В приметы не верю с тех пор, как «прогадал» на фитиле: сгорел и второй фитиль, а я пока жив. И все-таки есть традиционно-устойчивые поверья, в которые хотя и не веришь, но отказаться от них тоже не в силах. Некоторые летчики, например, считают, что летать лучше в старой одежде. Может, это потому, что привыкаешь к ней, она более удобная? Другие говорят, что перед полетами нельзя ни бриться, ни фотографироваться…

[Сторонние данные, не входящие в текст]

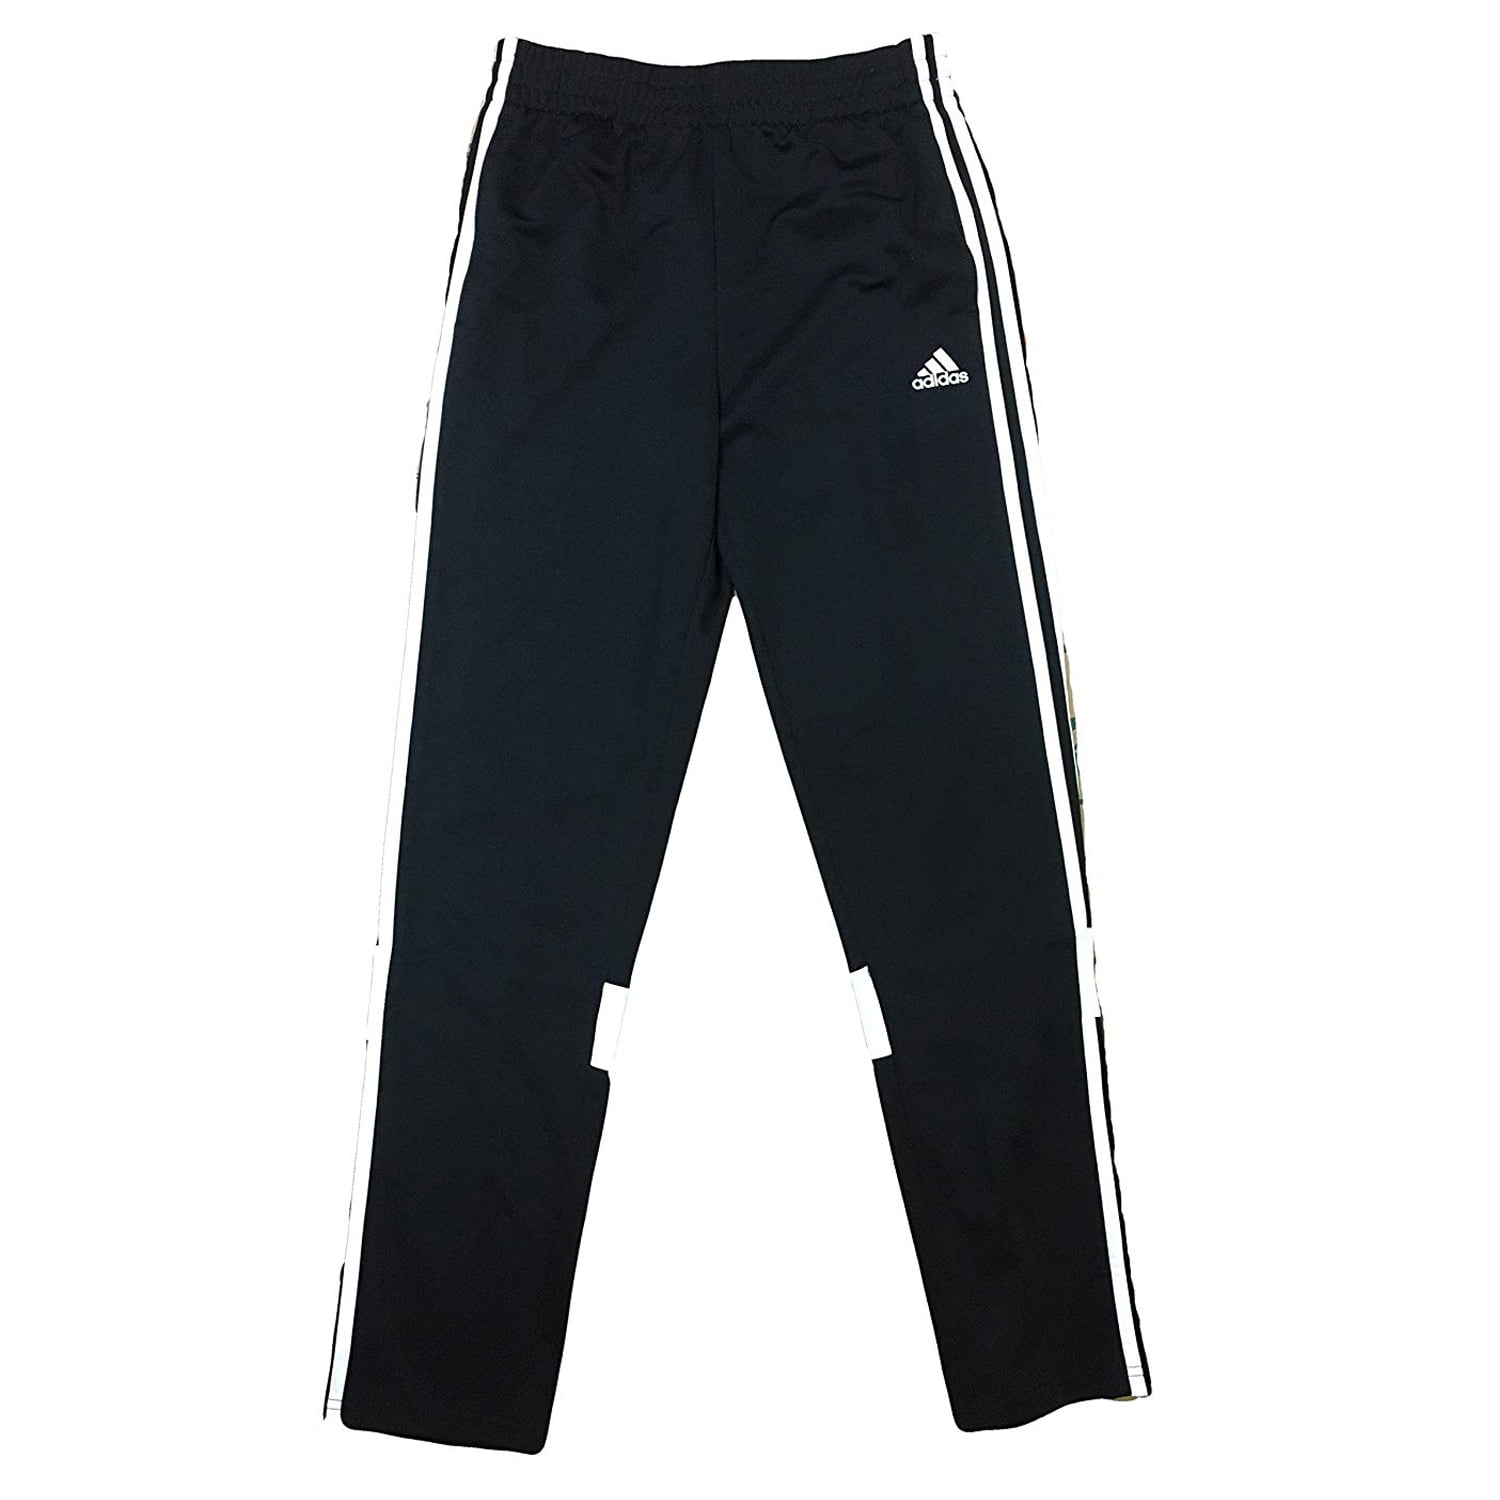 Adidas Boy's Youth 3 Stripes Performance Midfielder Warm Up Track Pants ...
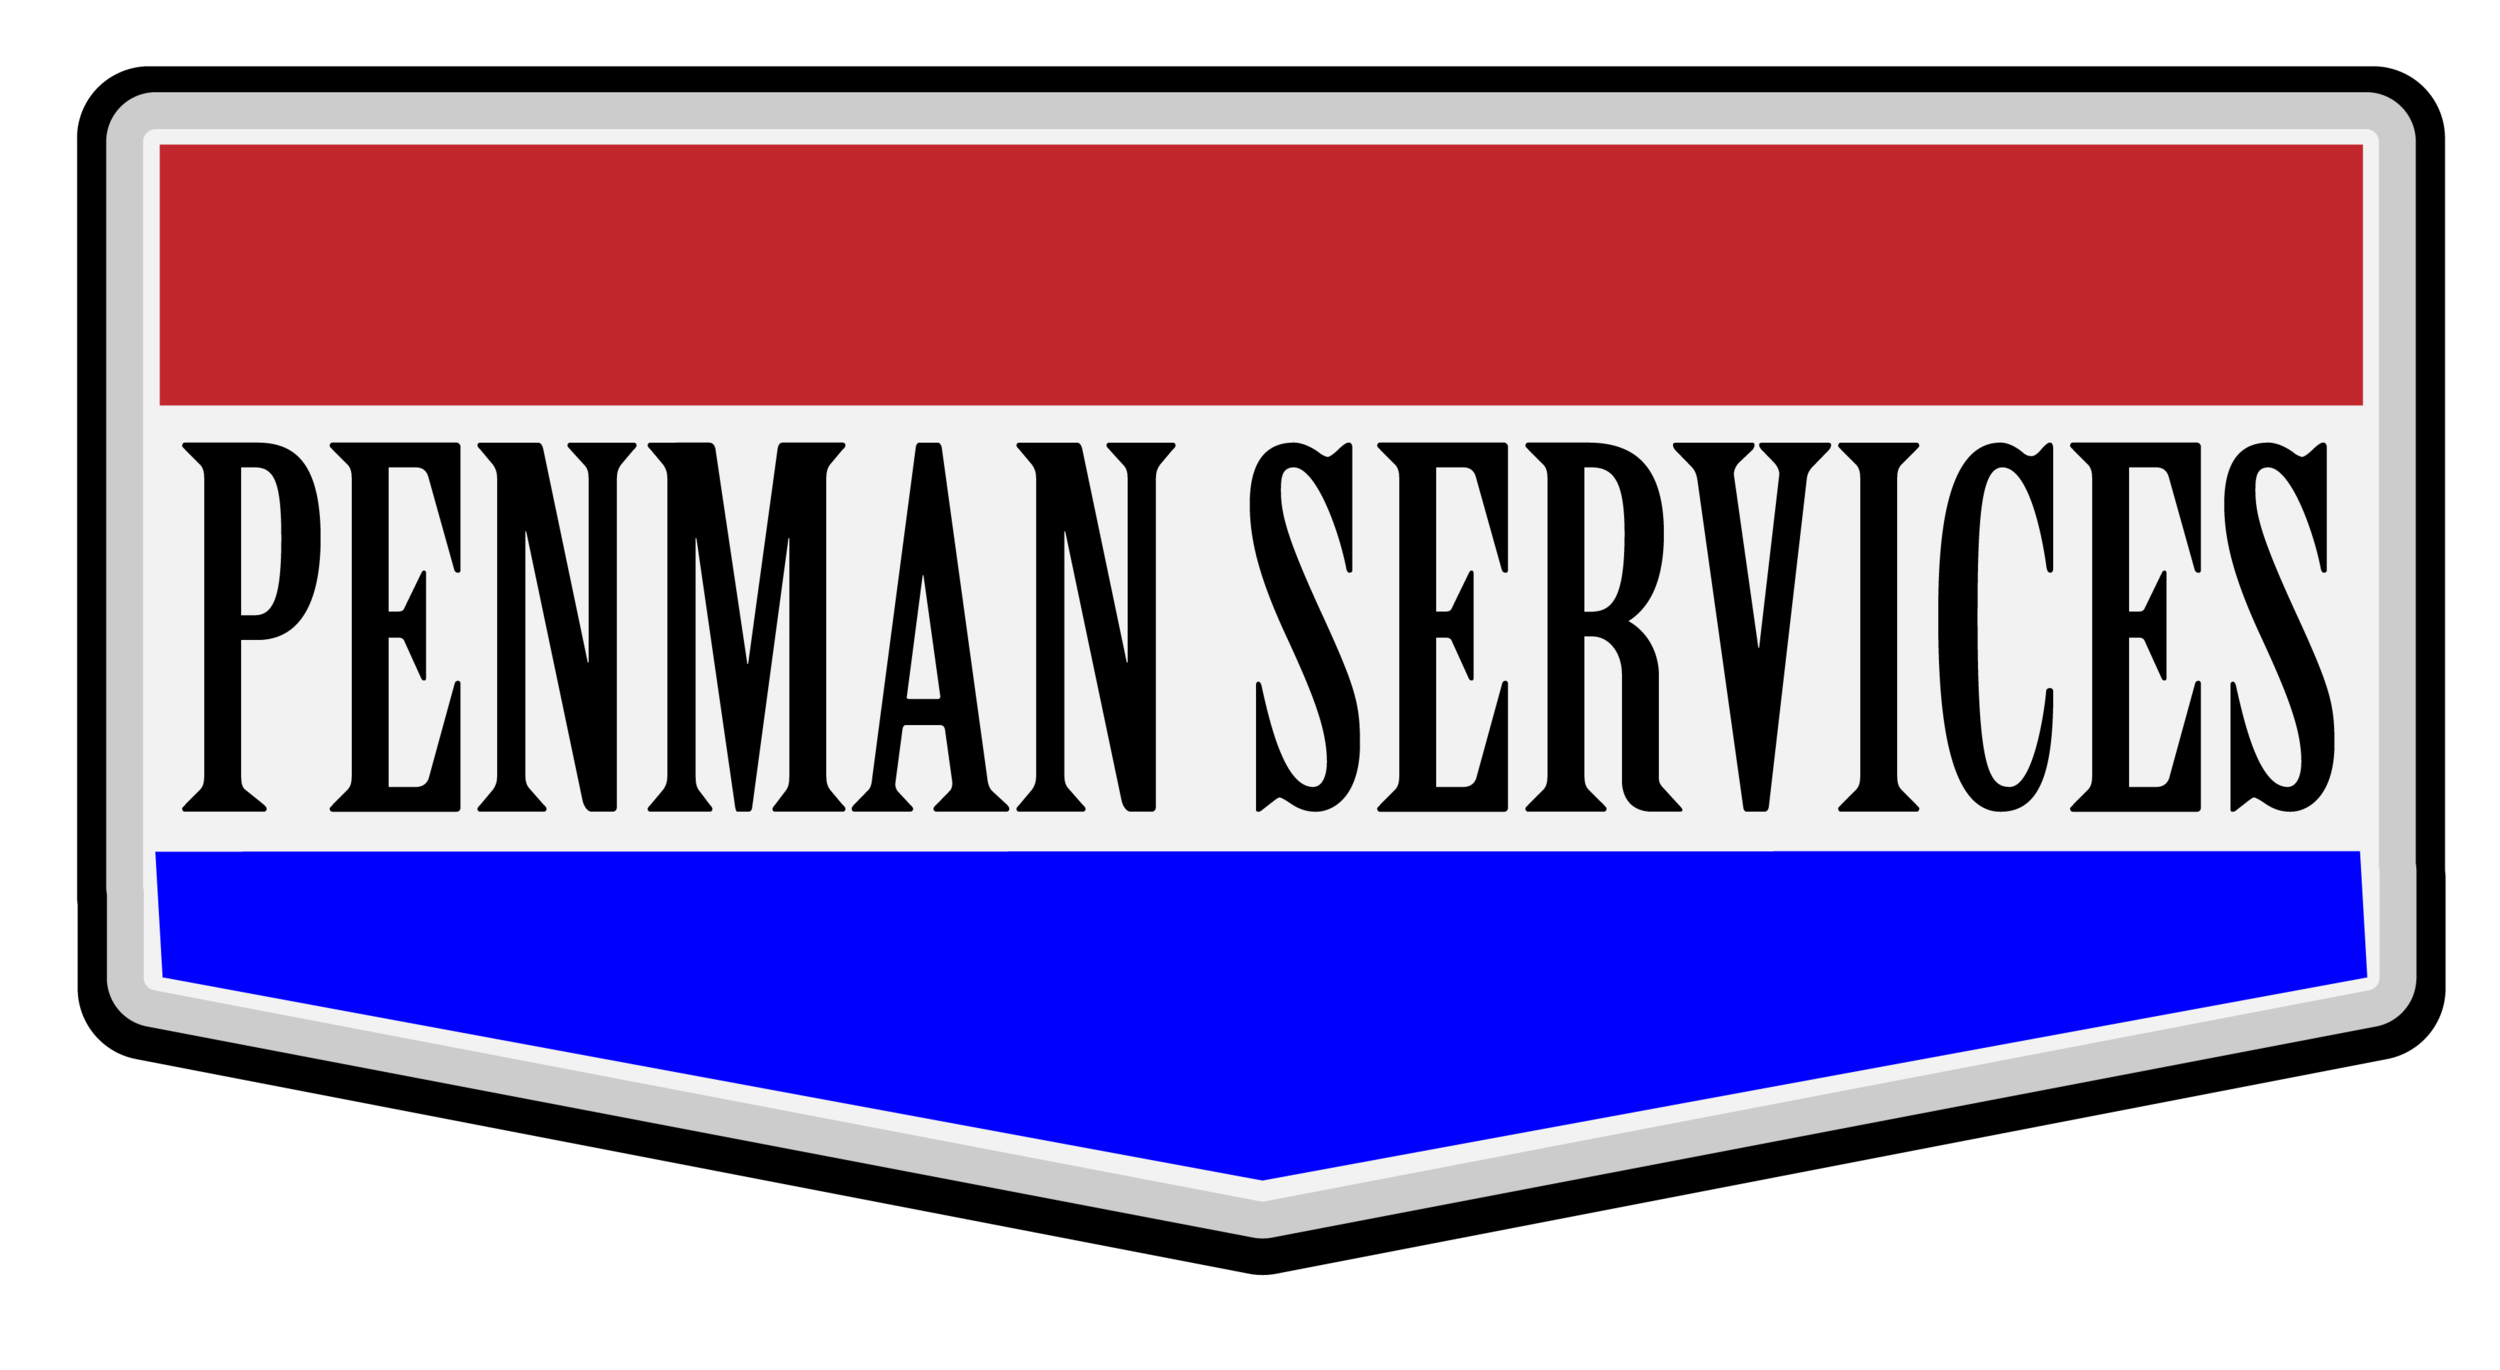 Penman Services

Как-то еще на Кубани в полк прибыл корреспондент фронтовой газеты. Командир полка рекомендовал ему побеседовать со мной. Но подвигов я не совершал и поэтому предложил выбрать другую кандидатуру.
– Тогда разрешите вас сфотографировать?
Я категорически отказался.
– По-ня-тно! – протянул корреспондент, пристально глядя на меня. – Верите в приметы?
Это уж было слишком.
– Ах, так! Тогда фотографируйте!
Корреспондент, видать, хорошо знал психологию летчиков и умело использовал свои знания. Иначе возвратишься в редакцию, не выполнив задания. Летчики, когда речь заходит об их личной боевой работе, – очень неразговорчивый народ.
В землянке командного пункта полка тесно, собрались все летчики. До восхода солнца осталось часа два. Подполковник Смыков ставит задачу:
– Вчера вечером на аэродром Кутейниково село около сотни вражеских бомбардировщиков и истребителей. Нашему полку приказано с рассветом нанести но аэродрому удар. Первая группа атакует стоянку самолетов и командный пункт, вторая, Устинова, – бензосклад, третья, Амбарнова, ведет борьбу с выявленными зенитками и взлетающими истребителями. На цель делаем два захода: первый – с ходу, второй – разворотом на 180o. Полк поведу я…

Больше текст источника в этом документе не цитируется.